A este distanciamiento, tal vez, contribuyera lo que públicamente se ha criticado, a veces desde el mismo mundo cofrade, aludiendo a “actitudes poco respetuosas del público hacia las cofradías” (“Diario de Cádiz”, jueves, 28 de marzo de 2013).

He leído en la prensa escrita y escuchado durante los días pasados en los medios televisivos, opiniones divergentes sobre esta manifestación de religiosidad popular. En algún caso se ha llegado incluso a la caricatura despreciativa e hiriente, sin medir adecuadamente el alcance de las opiniones vertidas, que parecen buscar el aplauso fácil de una audiencia predispuesta.

En mi caso los años han ido flexibilizando actitudes rígidas y dogmáticas, a medida que he ido saliendo de mi mismo, acercándome al otro en disposición receptiva e integradora.

La experiencia de fe no es unívoca y en lo recóndito de cada creyente está la clave que certifica la autenticidad de su creencia y conducta, asumiendo como básica referencia el evangelio de Jesús.

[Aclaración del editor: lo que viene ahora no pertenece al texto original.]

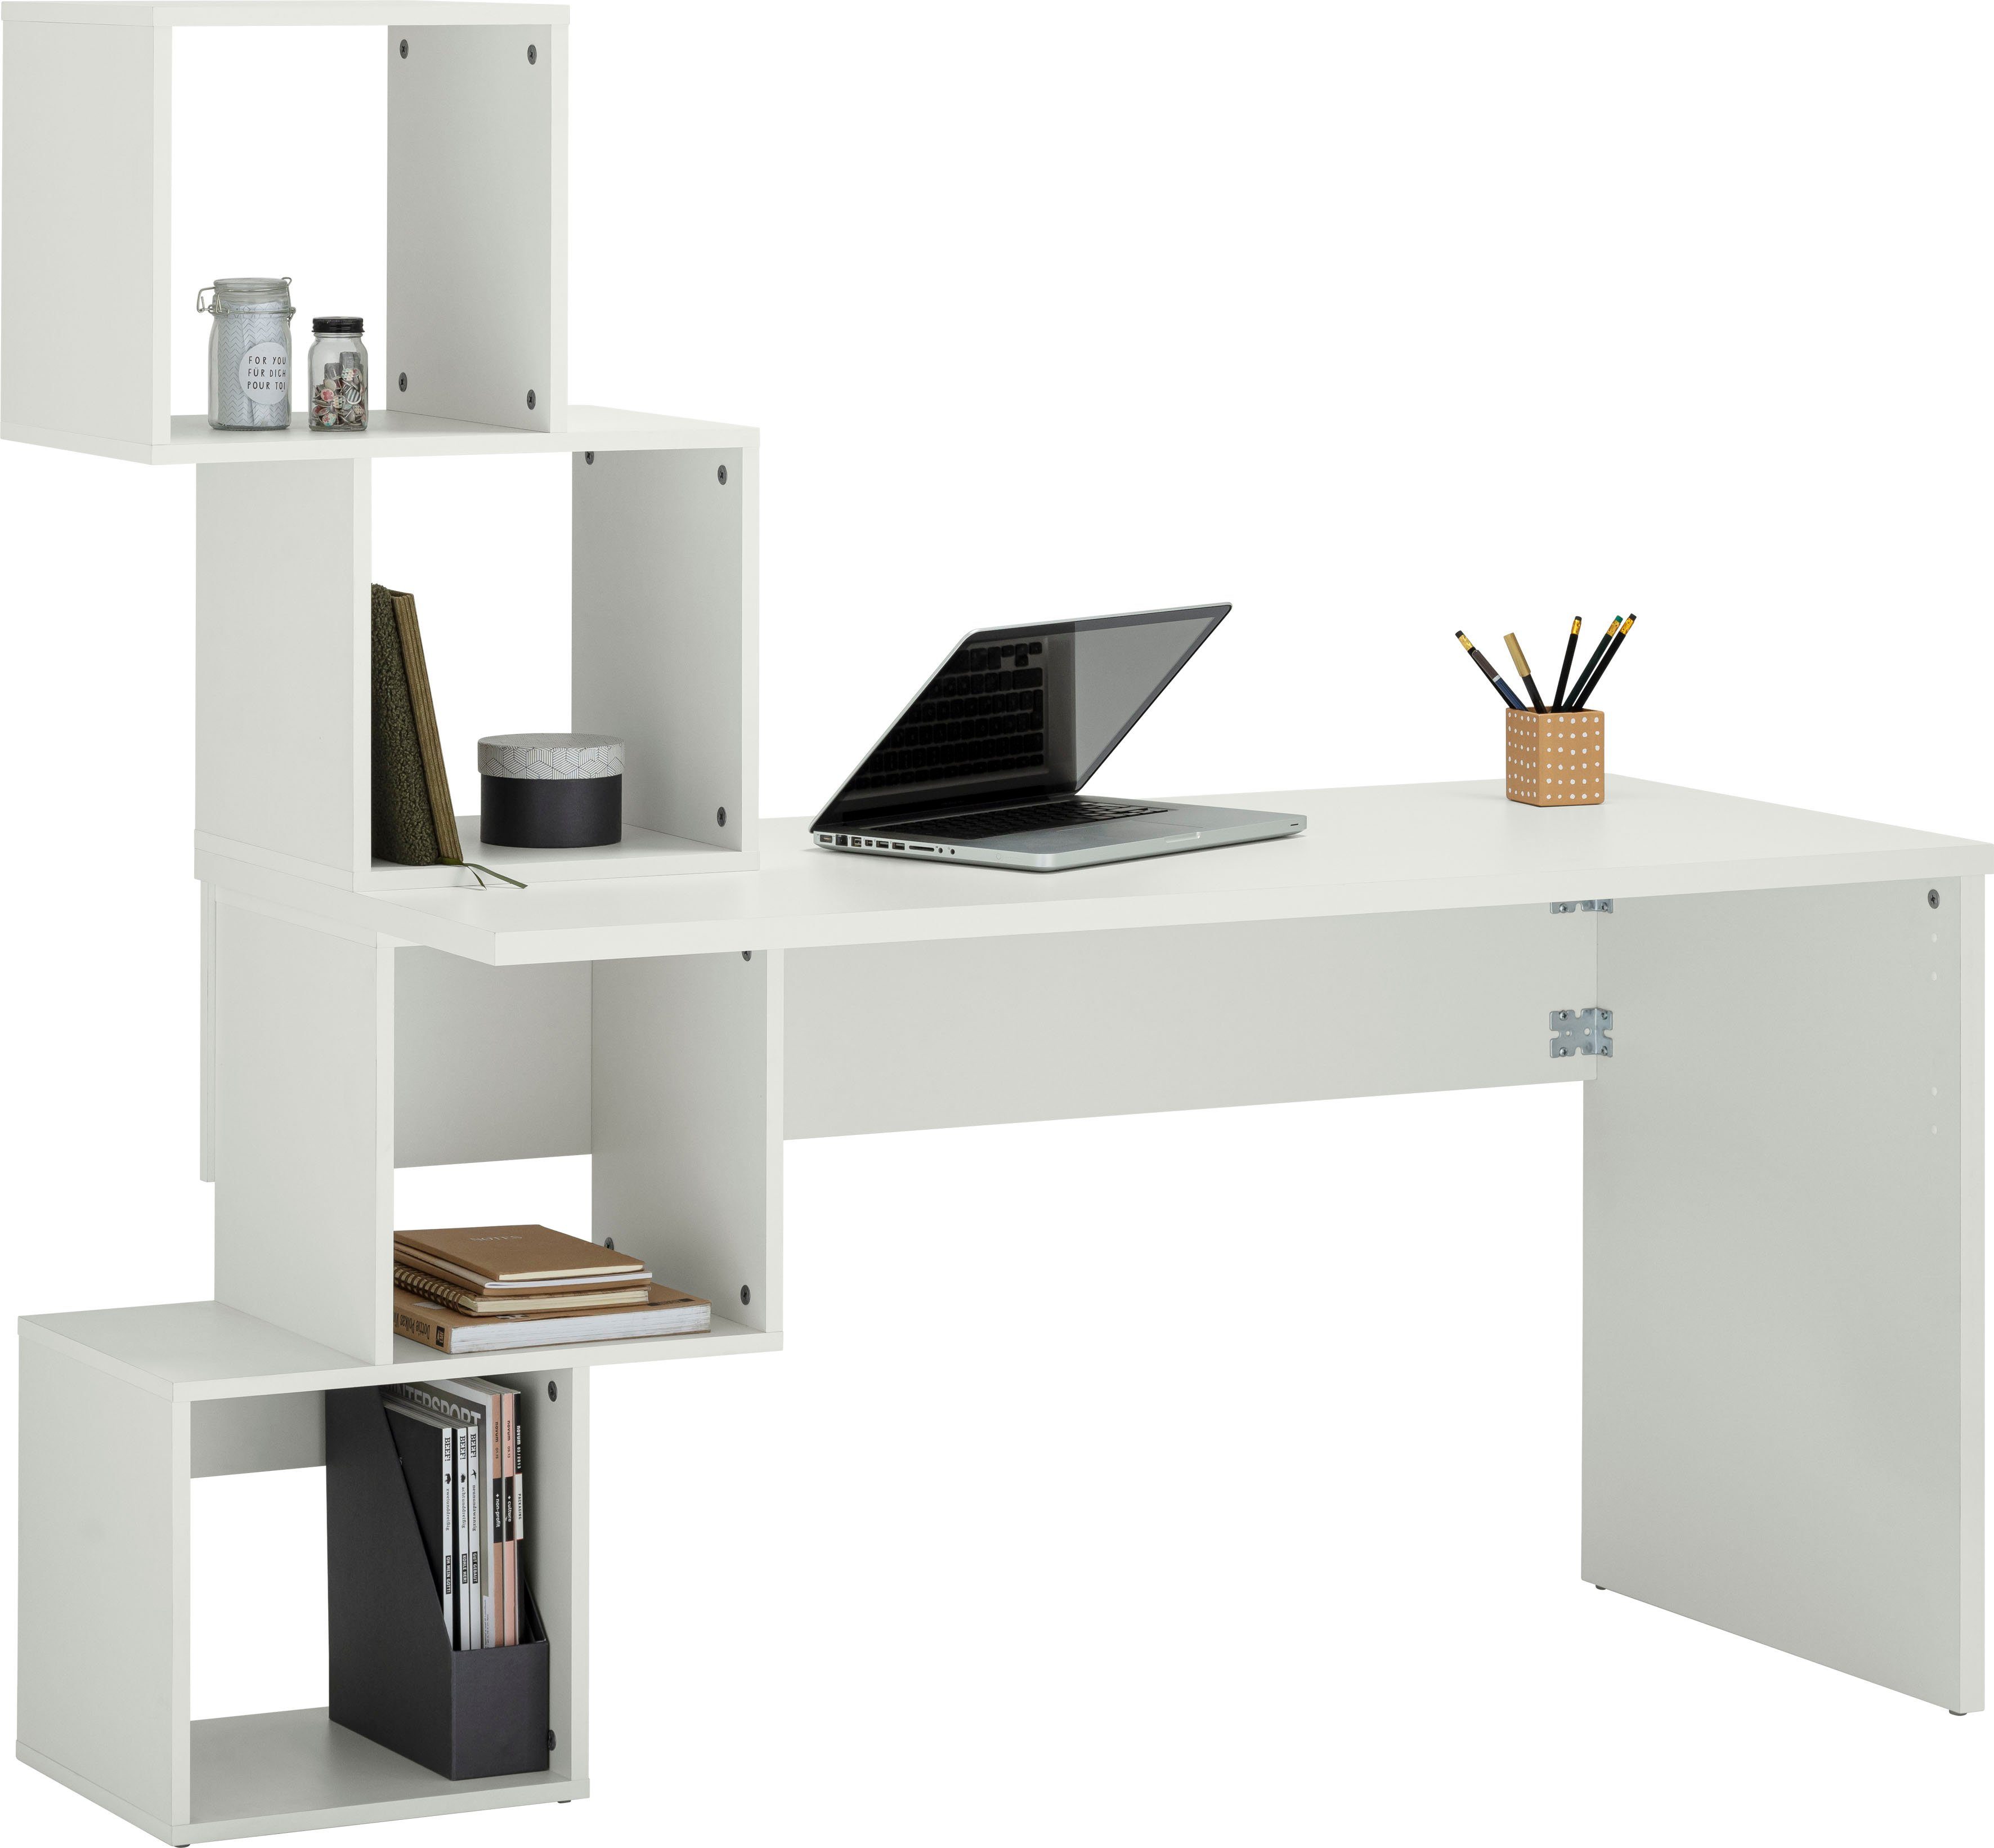 VOGL Möbelfabrik Schreibtisch Reggi, mit 4 offenen Fächern weiß | weiß | weiß

Admiro y quedo anonadado personalmente ante la firme convicción religiosa expresada en la manifestación de fe del grupo de gente sencilla que procesiona tras los “pasos”.
Es posible que haya que depurar algunos elementos que contrastan con la sencillez evangélica y potenciar, en el intervalo anual, otras actividades de orden formativo y catequético. En ello  están comprometidos, año tras años, las juntas directivas de las hermandades.

Pero hoy prefiero destacar, en estas reflexiones, el testimonio de fe, que sin alardes de ningún tipo, he recibido del pueblo llano. También estas vivencias transmitidas con la sola presencia es una catequesis para quienes con mirada limpia y transparente, con ojos de fe, nos hemos acercado a contemplar los desfiles procesionales.